2) individual-layer data based on support vector screens: with these four two class classification problems of support vector machine method parallel processing, to obtain four support vector set, merge rule according to intersecting, divide two combinations also with the set of four support vectors obtaining, thereby obtain two training sets, two classification problems with these two training set representatives of support vector machine method parallel processing, obtain the set of two support vectors, the set of these two support vectors is merged, produce a training set, this training set is final training set;

2, the merging method of intersecting of minimizing support vector as claimed in claim 1 and training time, it is characterized in that, in the step 1), after training sample classification extraction, according to predefined decomposition rate r, be combined into four two class classification problems after all kinds of sample sets in the training set are decomposed, if each problem is still too big, then further continue to decompose according to same decomposition method, decomposition rate r decision is with one deck calculation burden apportionment of falling into a trap.
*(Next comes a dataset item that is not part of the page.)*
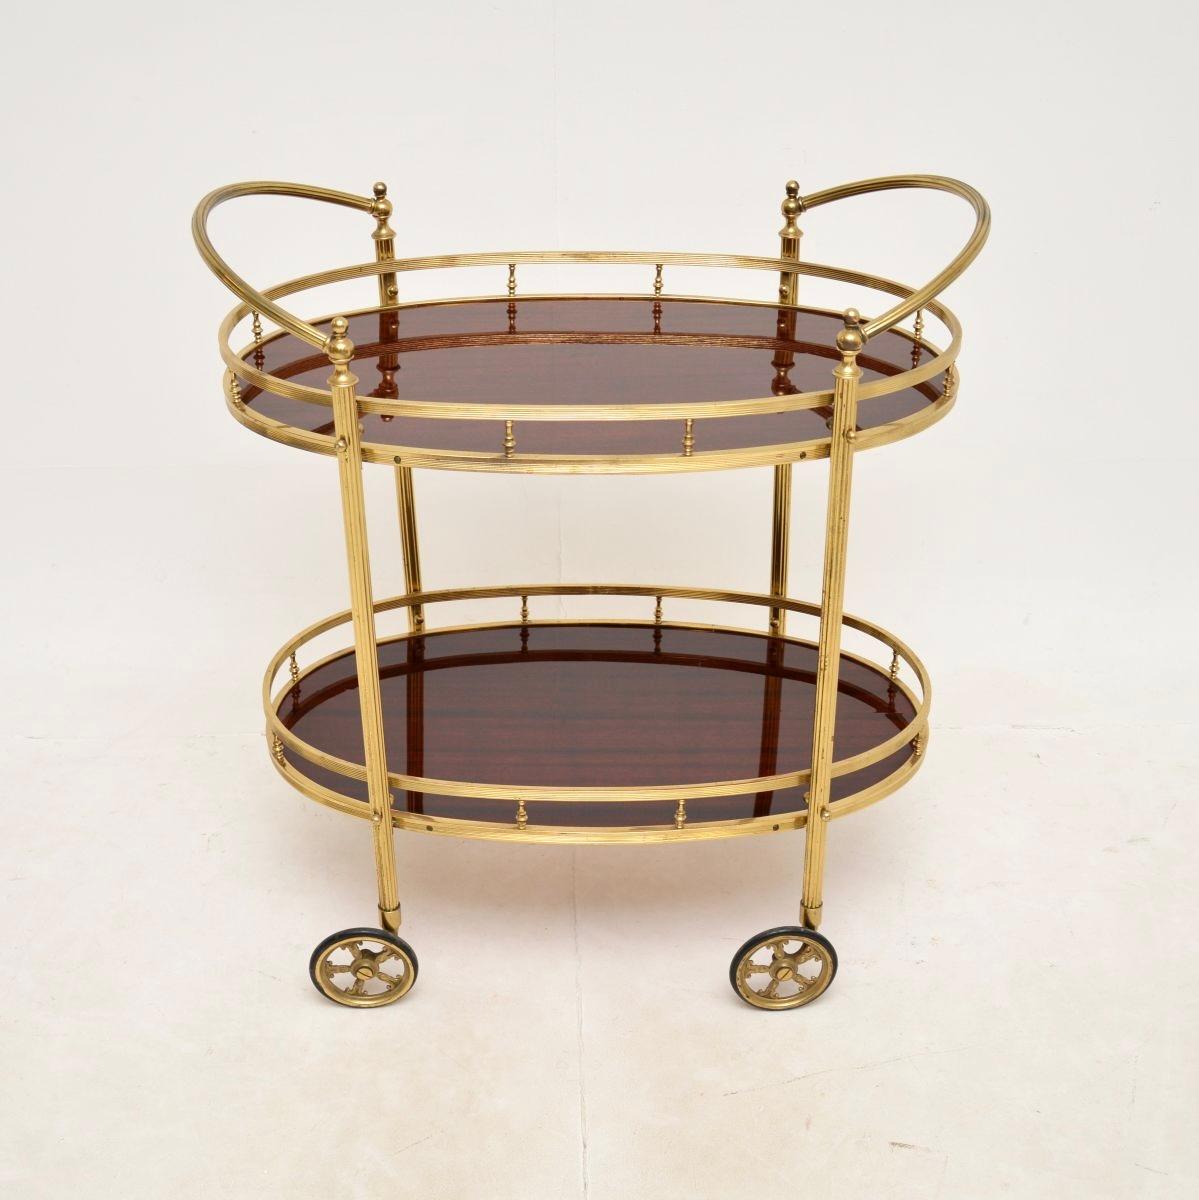 A fabulous vintage French brass drinks trolley. This was recently imported from France, it dates from the 1970’s.

It is of superb quality, with a beautiful fluted legs with finials, galleries around the top and lower tiers and large sweeping

3, the merging method of intersecting of minimizing support vector as claimed in claim 1 and training time, it is characterized in that, step 2) in, four classification problems are after extracting support vector, the rule that merges according to intersection becomes two classification problems with four support vector collection integrations, each classification problem has embodied the classified information of certain angle of former training set, two classification problems that obtain are extracted through parallel support vector, two support vector set that will obtain then merge, will be together from the classified information integration of two angles, thereby make that the classified information that comprises in SV12USV34 and the former whole training set is consistent, finally make the sorter that obtains that consistent recognition accuracy is arranged.